Corn Planting Report Looks Fairly Bearish for Markets
Today’s USDA acreage report signals a potential U.S. corn crop of 13.47 billion bushels, which will be needed to rebuild stocks and meet feed and fuel demand, says Todd Davis, crops economist with the American Farm Bureau Federation
June 30, 2011
Farmers may be questioning an acreage report released today by the Agriculture Department that shows a whopping 92.3 million acres of U.S. corn plantings this year, when most observers expected less acreage due to poor weather conditions that delayed planting over much of the Corn Belt.
Today ’s USDA acreage report signals a potential U.S. corn crop of 13.47 billion bushels, which will be needed to rebuild stocks and meet feed and fuel demand, says Todd Davis, crops economist with the American Farm Bureau Federation.
“We have a lot of hurdles to jump to reach a harvest of 13.47 billion bushels of corn this year,” Davis says. “The weather throughout the Corn Belt will have to cooperate in July and August for farmers to gets strong yields, and we would have to harvest the 84.8 million acres projected in the June 30 acreage survey.”
Davis says the USDA crop report caught everyone by surprise. Most analysts were expecting USDA to forecast corn plantings to come in from 89.5 million acres to 91.5 million acres.
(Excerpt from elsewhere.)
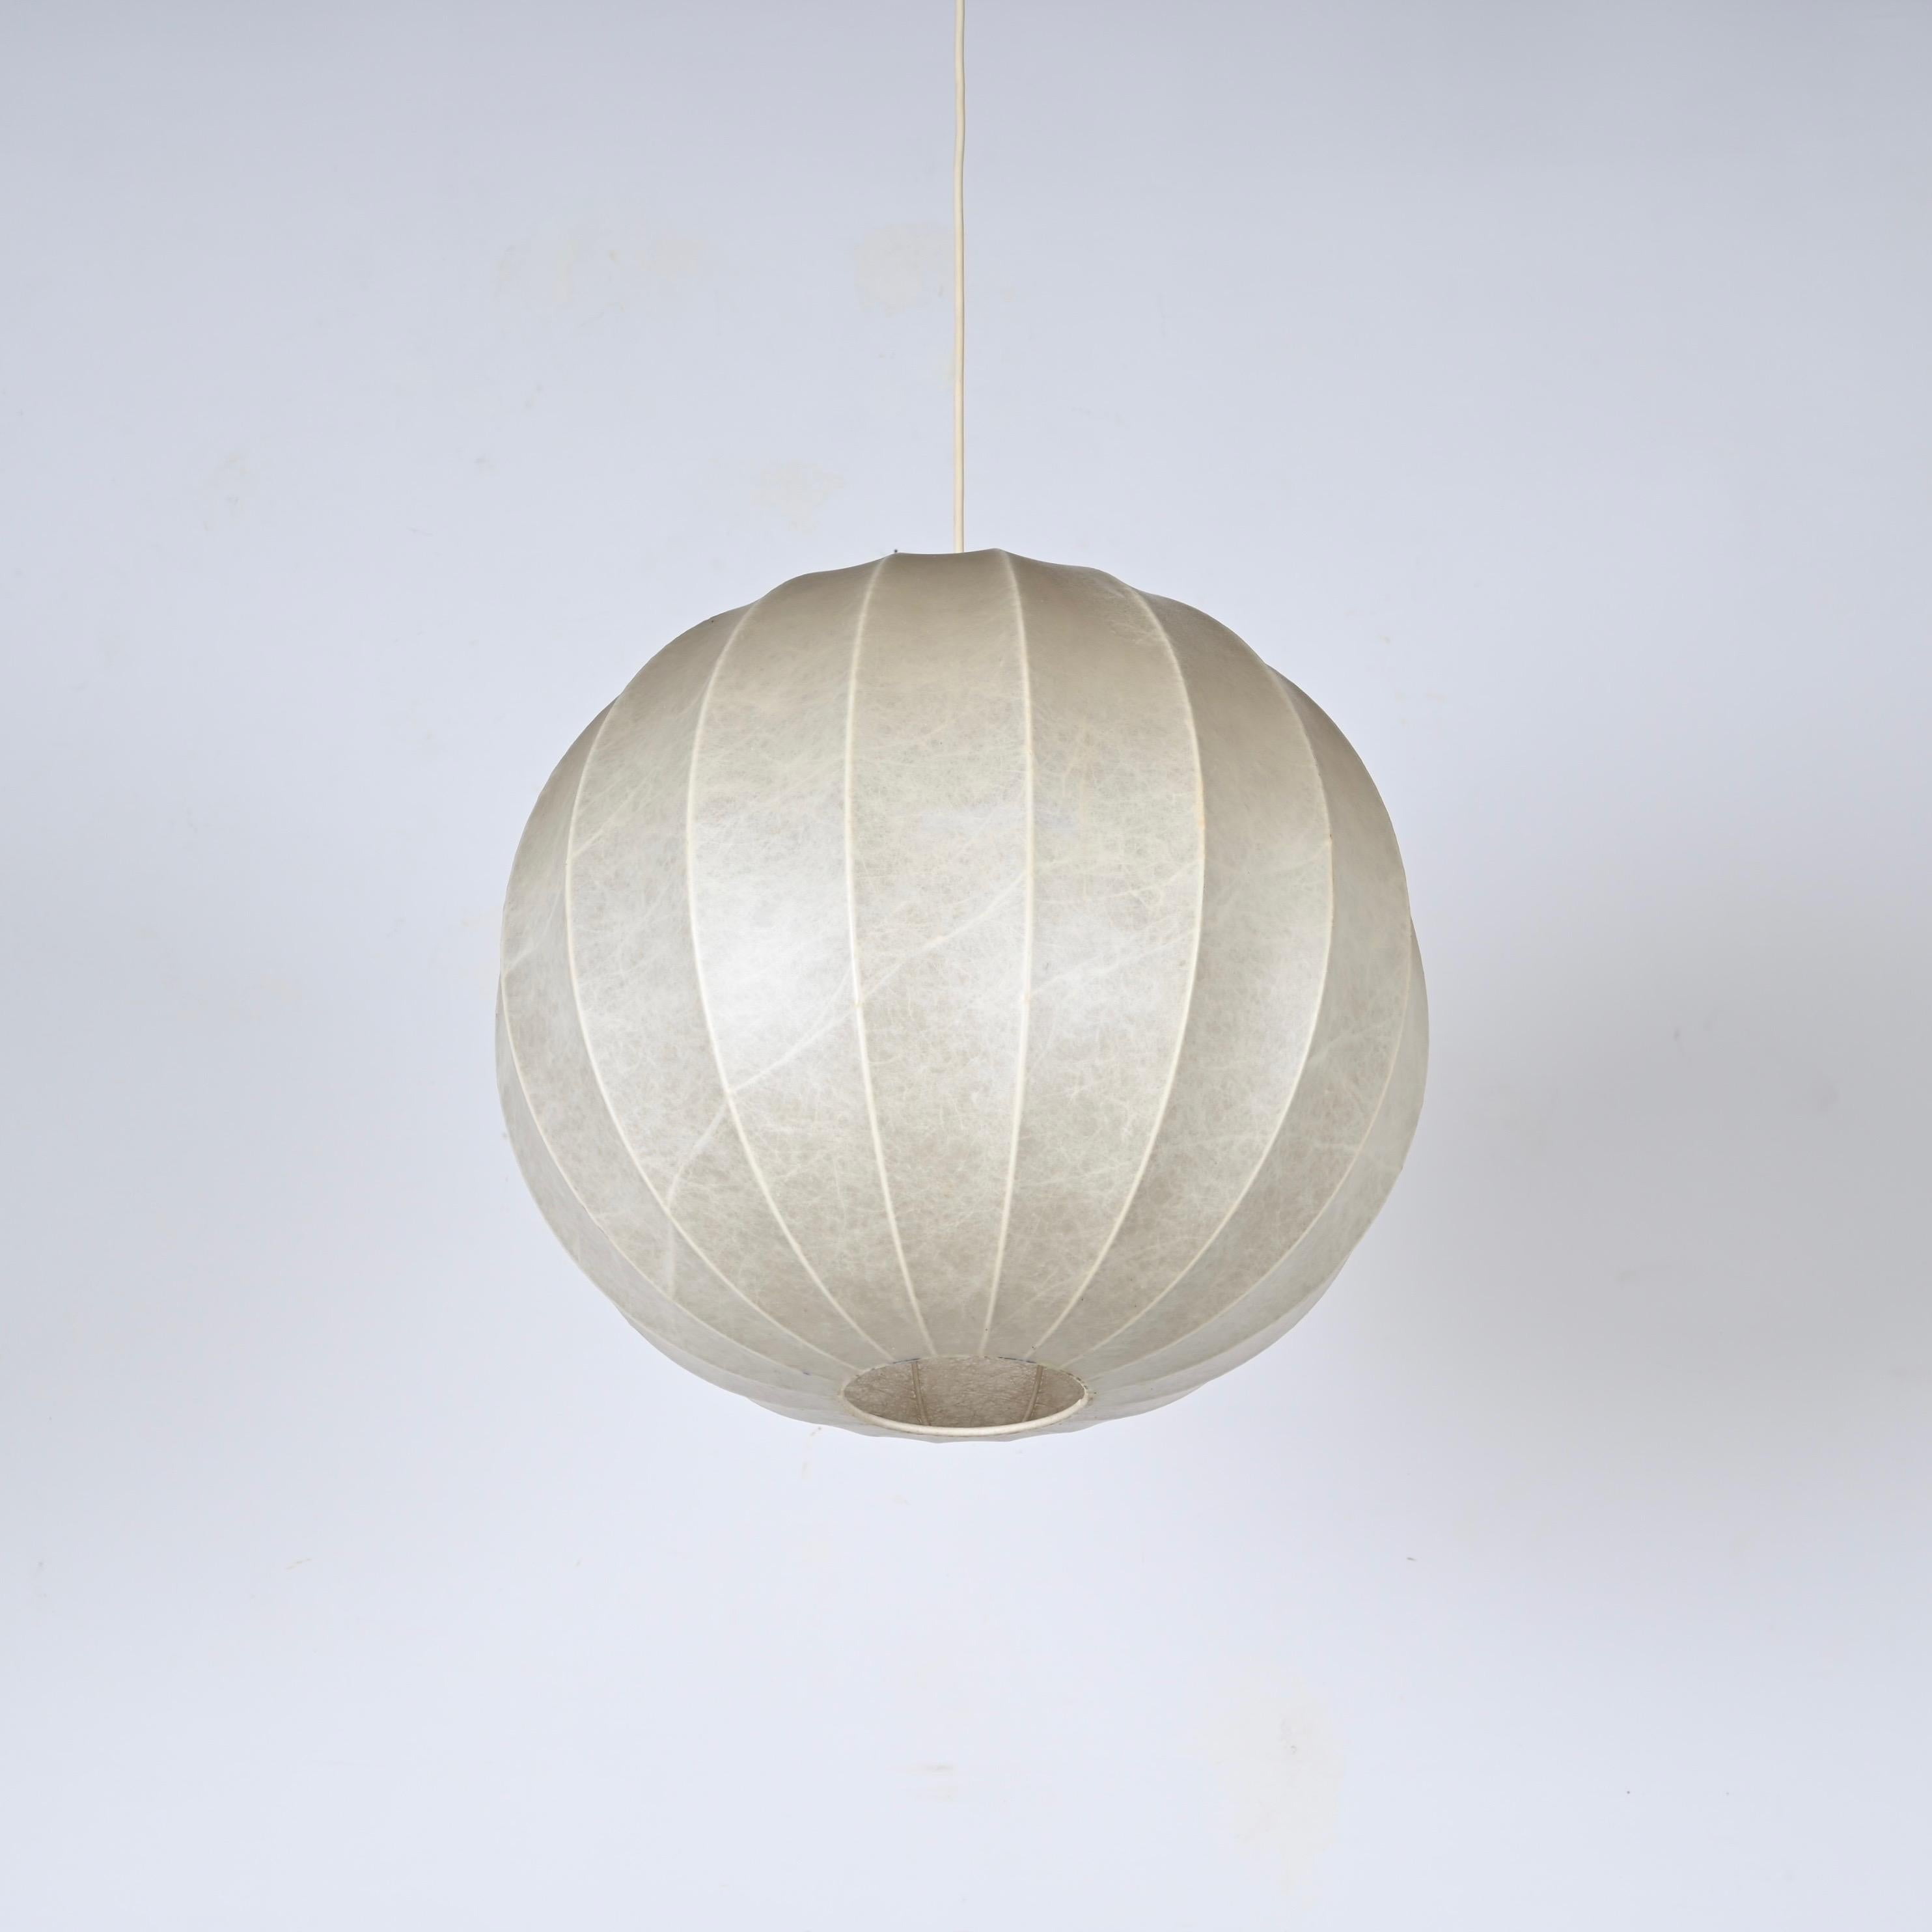 Wunderschöner großer 'Cocoon'-Anhänger. Diese schöne Lampe wurde in den 1960er Jahren von Achille Castiglioni in Italien entworfen.

Dieses ikonische Stück hat einen runden Lampenschirm aus natürlichem, weichem Harz mit einer fantastischen Farbe.

“I don’t think anybody was expecting more than 92 million corn acres this year,” Davis says. “From the coffee shops to the trading floor, everybody you talked to expected USDA to reduce its corn acreage from the March 31 prospective plantings report because of all the weather headaches farmers are having this year. USDA actually moved up its 2011 corn acreage slightly from its March 31 prospective plantings forecast.”
If USDA’s prediction comes true, the 92.3 million acres would be 5% larger than last year’s U.S. corn crop when 88.19 million acres were planted. U.S. corn acreage planted in 2011 would be the second-highest since 1944, behind only the 93.5 million acres planted in 2007.
“The market was signaling a need for more corn acres this year and farmers responded,” Davis says. “Most of the acreage gains are coming from the western Corn Belt. USDA found more acres in Iowa, Minnesota, Nebraska and South Dakota, which offset the reduced acreage in the eastern Corn Belt.”